Неделя пролетела, оставив привкус известковой пыли на зубах и холодное, тяжелое чувство собственника. Я перестал просыпаться от каждого скрипа на лестнице — теперь я сам был этим скрипом, стуком, рокотом, нервным центром огромного, строящегося организма на Невском. Воздух здесь был сотканным из запахов свежей смолы, которой конопатили щели, кисловатого духа тлеющих углей в жаровнях и долетавшего из соседнего трактира аромата щей. Ко мне теперь обращались не «мастер», а «Григорий Пантелеевич», и это узаконенное царем отчество прилипло, стало частью меня.
Утро началось с очередного штурма. В мою временную контору, где пахло стружкой и остывшим чаем, без стука ввалился подрядчик. Его борода торчала во все стороны, а лицо налилось кровью так, что казалось черным пятном на багровом фоне. С грохотом он шлепнул на мой стол очередную бумагу.
— Не укладываемся, Григорий Пантелеевич! — пробасил он, тыча в бумагу мозолистым пальцем. — Лес-от ноне дорог, а гвоздь аглицкий и вовсе на вес золота! Надобно еще деньжат подкинуть, иначе встанем!
Пару недель назад я бы вспотел, судорожно пересчитывая остатки в кошеле. Сейчас — лишь поднял бровь. Господи, я превращаюсь в прожженного дельца. Торгуюсь за каждый гвоздь, угрожаю неустойками… Звягинцев, ты ли это? Тот, кто оперировал миллионами, не задумываясь, а теперь готов удавиться за лишний алтын. Эта стройка высасывала и деньги, и душу.
— Варвара Павловна! — позвал я свою помощницу.
Она бесшумно вошла с неизменной конторской книгой в руках. При ее появлении подрядчик как-то сдулся, втянул голову в плечи.
— Покажите нашему уважаемому подрядчику расчеты по рыночной цене на псковский лес, — сказал я, не глядя на него. — И напомните ему, что по договору мы используем тульский гвоздь, а не английский. А также, что за каждую попытку вписать в смету «непредвиденные расходы» я буду вычитать неустойку. Двойную.

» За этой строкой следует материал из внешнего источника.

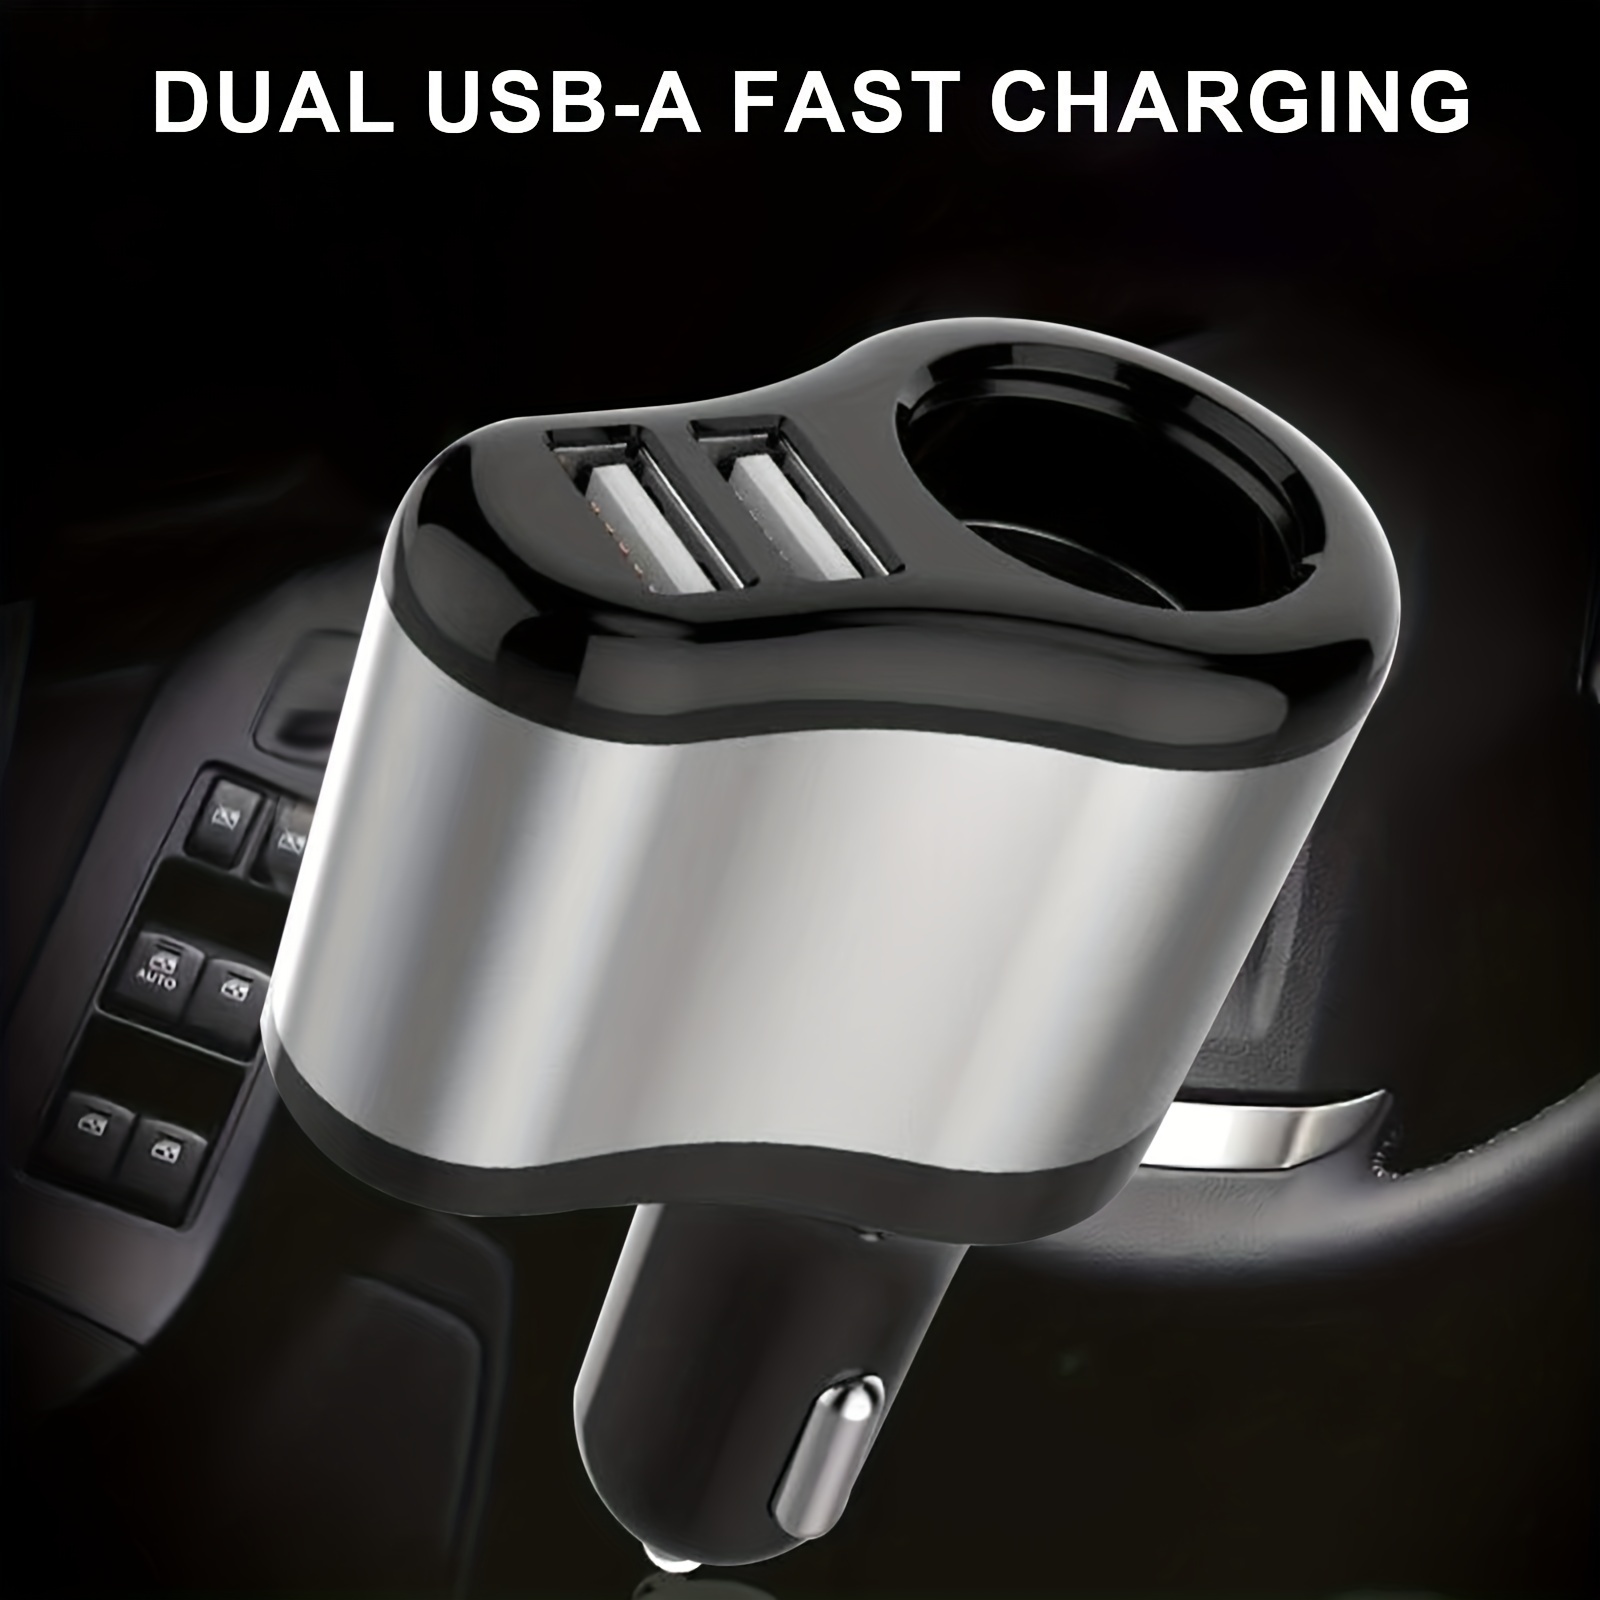 Chargeur voiture double USB iPhone, iPad, iPod

Варвара Павловна молча открыла книгу на нужной странице. Мужичок побагровел, засопел, схватил свою бумажку и вылетел из конторы, бормоча проклятия. Она была моим щитом, броней от этого мира липких рук и жадных глаз. Откуда в этой хрупкой женщине столько стали? Она воевала с этим сбродом лучше любого гвардейского офицера. Без нее я бы уже давно пошел по миру.
— Благодарю, Варвара Павловна, — сказал я, когда дверь за подрядчиком захлопнулась. — Присядьте. Есть дело.

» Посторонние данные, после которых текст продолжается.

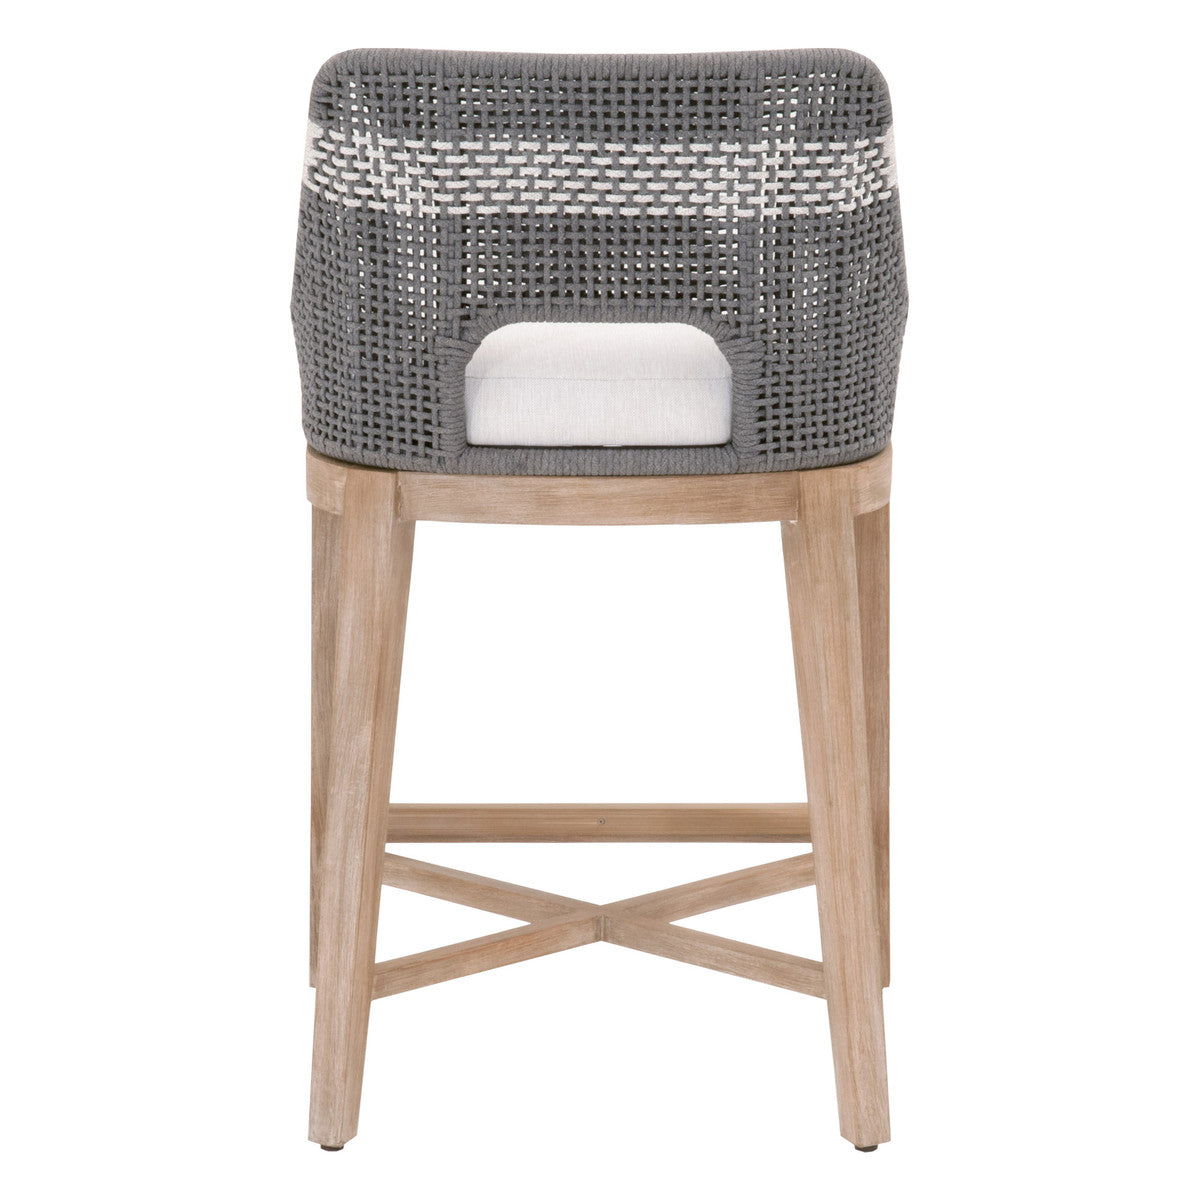 Tapestry Counter Stool in Dove Flat Rope, White Speckle Stripe, Performance White Speckle, Natural Gray Mahogany - 6850CS.DOV/WHT/NG

Она присела на краешек грубо сколоченного стула — собранная вся.
— Дом, — начал я. — Я достаточно пожил на стройке. Пора обзаводиться своим углом.

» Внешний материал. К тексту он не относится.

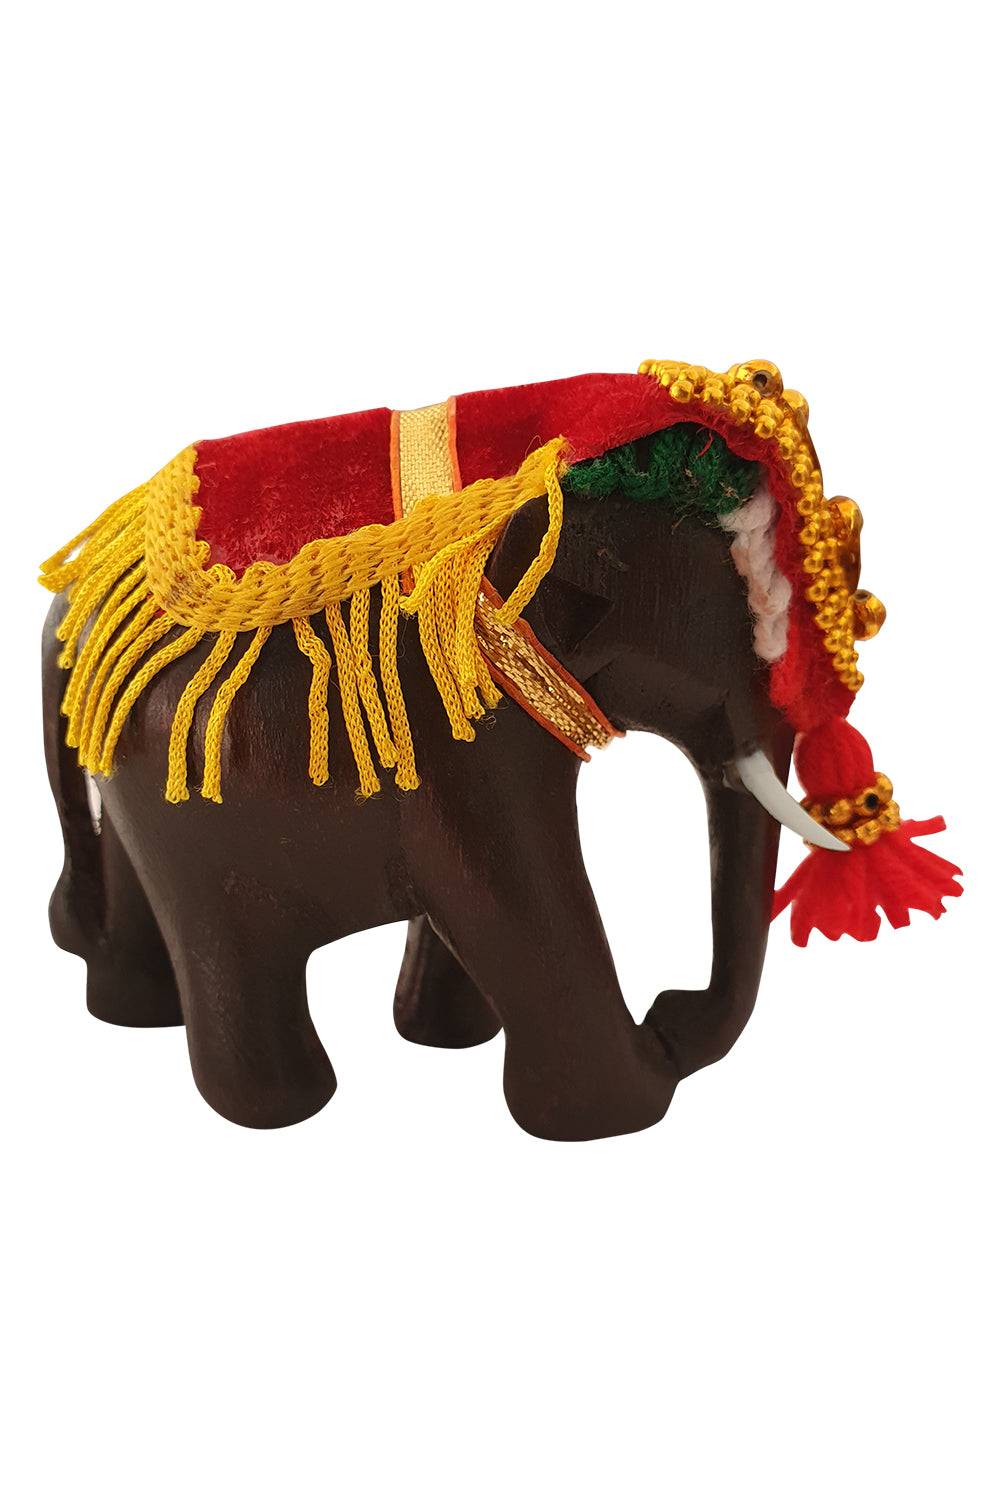 Southloom Handmade Temple Elephant Handicraft (Carved from Mahogany Wood) 3 Inches

В ее глазах мелькнул интерес.
— Список пожеланий у меня готов. Запишите.
Она приготовила перо.
— Первое — уединенность. Не дворец с окнами на проспект, а особняк, скрытый от любопытных глаз. Высокий каменный забор, свой сад — чтобы никто не мог заглянуть через плечо, когда я работаю над… особыми заказами.
И когда начну собирать гильоширную машину, — мысленно добавил я. — И испытывать другие, еще более опасные игрушки.
— Второе — пространство. Не просто дом, а усадьба в черте города. Нужен большой, глухой хозяйственный двор. Там со временем можно будет построить… возможно, небольшую литейную.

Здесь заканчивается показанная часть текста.